- [What is required]
From the records below, transcribe exactly the lines that begin at the line with "Porcelain Early 20th" and end at the line with "Free Standing Metal", both included.

- [Source material]
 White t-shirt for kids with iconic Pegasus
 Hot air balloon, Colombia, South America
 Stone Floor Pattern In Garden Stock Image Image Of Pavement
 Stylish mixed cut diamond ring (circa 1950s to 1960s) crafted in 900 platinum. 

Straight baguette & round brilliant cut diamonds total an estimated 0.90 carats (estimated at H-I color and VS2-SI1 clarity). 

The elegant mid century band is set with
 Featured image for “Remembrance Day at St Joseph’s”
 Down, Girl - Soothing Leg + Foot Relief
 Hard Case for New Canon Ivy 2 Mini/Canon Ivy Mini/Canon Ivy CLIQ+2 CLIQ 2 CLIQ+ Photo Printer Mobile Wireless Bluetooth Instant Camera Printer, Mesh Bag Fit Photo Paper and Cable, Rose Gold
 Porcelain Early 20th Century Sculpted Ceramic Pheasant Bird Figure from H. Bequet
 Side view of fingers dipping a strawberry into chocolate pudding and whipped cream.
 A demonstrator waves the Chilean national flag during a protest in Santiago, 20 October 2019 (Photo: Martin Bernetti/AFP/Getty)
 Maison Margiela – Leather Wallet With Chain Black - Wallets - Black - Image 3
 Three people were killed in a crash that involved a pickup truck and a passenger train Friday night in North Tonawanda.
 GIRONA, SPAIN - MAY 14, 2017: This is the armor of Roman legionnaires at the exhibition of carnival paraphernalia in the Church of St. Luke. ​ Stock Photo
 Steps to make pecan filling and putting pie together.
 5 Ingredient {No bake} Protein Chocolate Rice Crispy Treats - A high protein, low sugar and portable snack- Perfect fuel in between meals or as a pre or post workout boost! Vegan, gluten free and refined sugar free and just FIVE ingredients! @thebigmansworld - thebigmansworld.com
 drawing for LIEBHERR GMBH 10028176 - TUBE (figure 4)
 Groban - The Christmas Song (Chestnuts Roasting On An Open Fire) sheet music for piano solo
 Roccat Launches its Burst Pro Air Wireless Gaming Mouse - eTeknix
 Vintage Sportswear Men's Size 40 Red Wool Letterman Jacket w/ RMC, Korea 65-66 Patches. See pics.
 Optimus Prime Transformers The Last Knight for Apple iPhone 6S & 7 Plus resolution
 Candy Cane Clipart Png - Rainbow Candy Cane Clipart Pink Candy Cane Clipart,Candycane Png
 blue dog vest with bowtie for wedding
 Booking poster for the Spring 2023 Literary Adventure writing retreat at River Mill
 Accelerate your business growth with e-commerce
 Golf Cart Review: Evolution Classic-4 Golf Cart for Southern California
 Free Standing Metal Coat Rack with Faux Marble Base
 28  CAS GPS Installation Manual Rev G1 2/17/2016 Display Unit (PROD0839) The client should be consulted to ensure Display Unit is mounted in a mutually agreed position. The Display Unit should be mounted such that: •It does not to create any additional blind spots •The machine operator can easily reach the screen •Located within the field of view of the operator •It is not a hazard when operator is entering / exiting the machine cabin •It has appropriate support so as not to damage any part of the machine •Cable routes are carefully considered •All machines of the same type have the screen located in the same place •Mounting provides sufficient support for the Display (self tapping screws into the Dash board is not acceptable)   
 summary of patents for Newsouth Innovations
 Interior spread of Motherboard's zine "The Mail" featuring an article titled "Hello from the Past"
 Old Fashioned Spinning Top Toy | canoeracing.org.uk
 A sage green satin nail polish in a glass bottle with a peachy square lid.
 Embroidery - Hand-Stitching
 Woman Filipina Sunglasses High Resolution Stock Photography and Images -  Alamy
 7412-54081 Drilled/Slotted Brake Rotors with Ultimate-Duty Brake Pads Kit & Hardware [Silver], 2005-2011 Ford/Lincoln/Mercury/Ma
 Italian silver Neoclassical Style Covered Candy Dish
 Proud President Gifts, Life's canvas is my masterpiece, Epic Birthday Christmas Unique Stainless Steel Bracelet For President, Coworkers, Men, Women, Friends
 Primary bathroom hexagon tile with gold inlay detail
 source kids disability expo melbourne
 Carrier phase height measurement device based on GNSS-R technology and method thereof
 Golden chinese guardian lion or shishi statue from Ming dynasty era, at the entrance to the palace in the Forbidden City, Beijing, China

- [Finished task]
 Porcelain Early 20th Century Sculpted Ceramic Pheasant Bird Figure from H. Bequet
 Side view of fingers dipping a strawberry into chocolate pudding and whipped cream.
 A demonstrator waves the Chilean national flag during a protest in Santiago, 20 October 2019 (Photo: Martin Bernetti/AFP/Getty)
 Maison Margiela – Leather Wallet With Chain Black - Wallets - Black - Image 3
 Three people were killed in a crash that involved a pickup truck and a passenger train Friday night in North Tonawanda.
 GIRONA, SPAIN - MAY 14, 2017: This is the armor of Roman legionnaires at the exhibition of carnival paraphernalia in the Church of St. Luke. ​ Stock Photo
 Steps to make pecan filling and putting pie together.
 5 Ingredient {No bake} Protein Chocolate Rice Crispy Treats - A high protein, low sugar and portable snack- Perfect fuel in between meals or as a pre or post workout boost! Vegan, gluten free and refined sugar free and just FIVE ingredients! @thebigmansworld - thebigmansworld.com
 drawing for LIEBHERR GMBH 10028176 - TUBE (figure 4)
 Groban - The Christmas Song (Chestnuts Roasting On An Open Fire) sheet music for piano solo
 Roccat Launches its Burst Pro Air Wireless Gaming Mouse - eTeknix
 Vintage Sportswear Men's Size 40 Red Wool Letterman Jacket w/ RMC, Korea 65-66 Patches. See pics.
 Optimus Prime Transformers The Last Knight for Apple iPhone 6S & 7 Plus resolution
 Candy Cane Clipart Png - Rainbow Candy Cane Clipart Pink Candy Cane Clipart,Candycane Png
 blue dog vest with bowtie for wedding
 Booking poster for the Spring 2023 Literary Adventure writing retreat at River Mill
 Accelerate your business growth with e-commerce
 Golf Cart Review: Evolution Classic-4 Golf Cart for Southern California
 Free Standing Metal Coat Rack with Faux Marble Base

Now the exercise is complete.